Description of problem: Listing dir in gluster share takes approx. 100 times longer than the local disk Version-Release number of selected component (if applicable): On Server : glusterfs 3.8.4 built on Mar 8 2017 06:17:27 On Client : glusterfs 3.8.4 built on Mar 8 2017 06:17:26 How reproducible: Customer Environment Additional info: Implementing md-cache feature also doesn't help here much.
I see that there are around 318848 number of files/directories within arc.0530 # ls -l arc.0530 |wc -l 318848 Is it possible to get how many directories are there in this listing?

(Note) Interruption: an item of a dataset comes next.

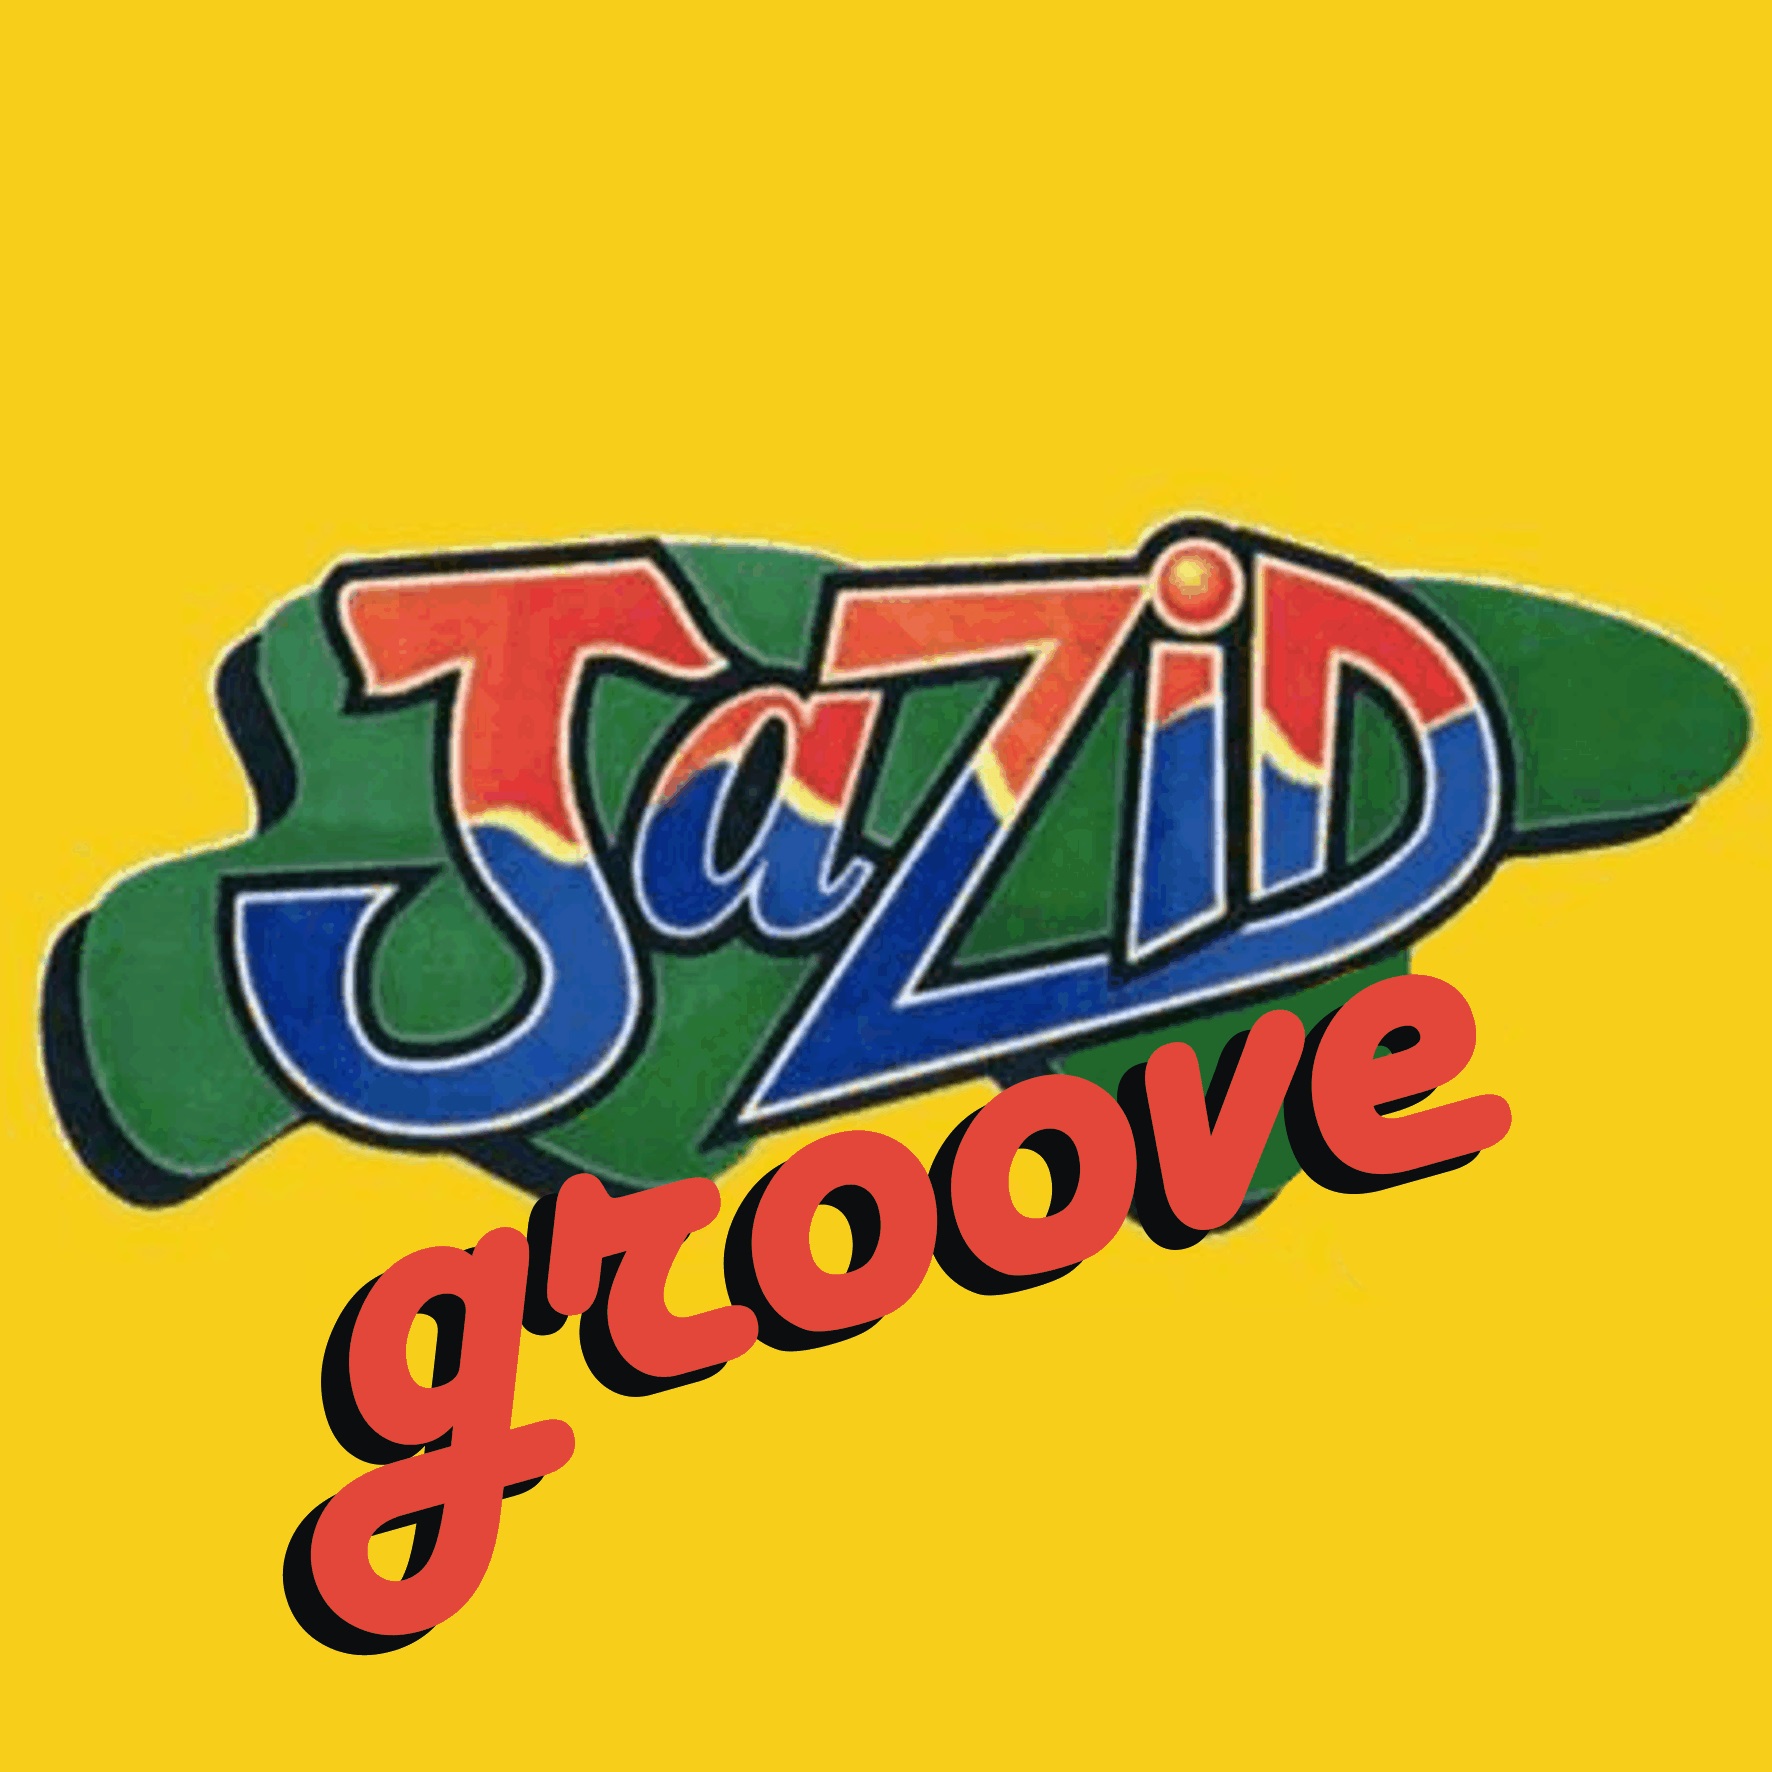 Jazid Groove 44

I also require following information: * time of ls with readdirplus (aka readdirp) disabled in the entire stack (we can use a temporary mount for this). [1] explains how to disable readdirplus [1] http://lists.gluster.org/pipermail/gluster-users/2017-March/030148.html
Also i see that network.inode-lru-limit is not set, had the customer not used the "gluster volume set <vol> group metadata-cache" ? The default value of network.inode-lru-limit is ~16000, which is very less. If the group metadata-cache was used the value of network.inode-lru-limit was changed to 50000. As mentioned in the admin guide, network.inode-lru-limit should be changed to larger value based on the workload. I would suggest to set network.inode-lru-limit to 200,000 as the number of active files are 318848. Note that incresing this value increases the memory footprint of the brick processes. Changing this value also had helped another customer [1] Let us know if this helped? [1]https://bugzilla.redhat.com/show_bug.cgi?id=1441417#c15
I think we got a very good improvement after disabling readdirp. The first iteration have taken around 2 and half minutes but next iterations are completed in around half minutes only. I'm also waiting for a feedback from cu if they have implemented the network.inode-lru-limit with these result or not. 1) number of directory: [root@XYZ]# find -maxdepth 1 -type d . ./arch 2. mount with use-readdirp=no # time ls -l arc.0530 | wc -l 274020 real 2m38.234s user 0m4.734s sys 0m4.554s # time ls -l arc.0530 | wc -l 274020 real 0m36.141s user 0m4.180s sys 0m2.736s # time ls -l arc.0530 | wc -l 274020 real 0m35.855s user 0m4.172s sys 0m2.698s # time ls -l arc.0530 | wc -l 274020 real 0m35.780s user 0m4.175s sys 0m2.768s
This is new data customer has shared after setting network.inode-lru-limit to 200000. 1. results without disabling readdirp: # time ls -l arc.0530 |wc -l 318848 real 2m52.289s user 0m6.553s sys 0m6.141s # time ls -l arc.0530 |wc -l 318848 real 2m53.819s user 0m6.407s sys 0m5.988s # time ls -l arc.0530 |wc -l 318848 real 3m10.560s user 0m6.858s sys 0m6.006s 2. results with use-readdirp=no # time ls -l arc.0530 |wc -l 318848 real 2m55.979s user 0m6.097s sys 0m5.192s # time ls -l arc.0530 |wc -l 318848 real 0m31.907s user 0m5.315s sys 0m2.921s # time ls -l arc.0530 |wc -l 318848 real 0m21.481s user 0m5.063s sys 0m2.761s # time ls -l arc.0530 |wc -l 318848 real 0m21.537s user 0m5.198s sys 0m2.656s
Created attachment 1293751 [details] Fuse dump
Abhishek, Is there anything pending from our side? If not, can we close this bug. Thanks, Susant
Susant, I see that you have cloned this for upstream. This bug should be kept open till it doesn't get part of downstream release. let me know if I misunderstood anything. -Bipin
Considering the bug got fixed in 3.12.2 (upstream) the fix should be part of RHGS3.4.0. Bipin/Abhishek, if you need any more info, please reopen the bug.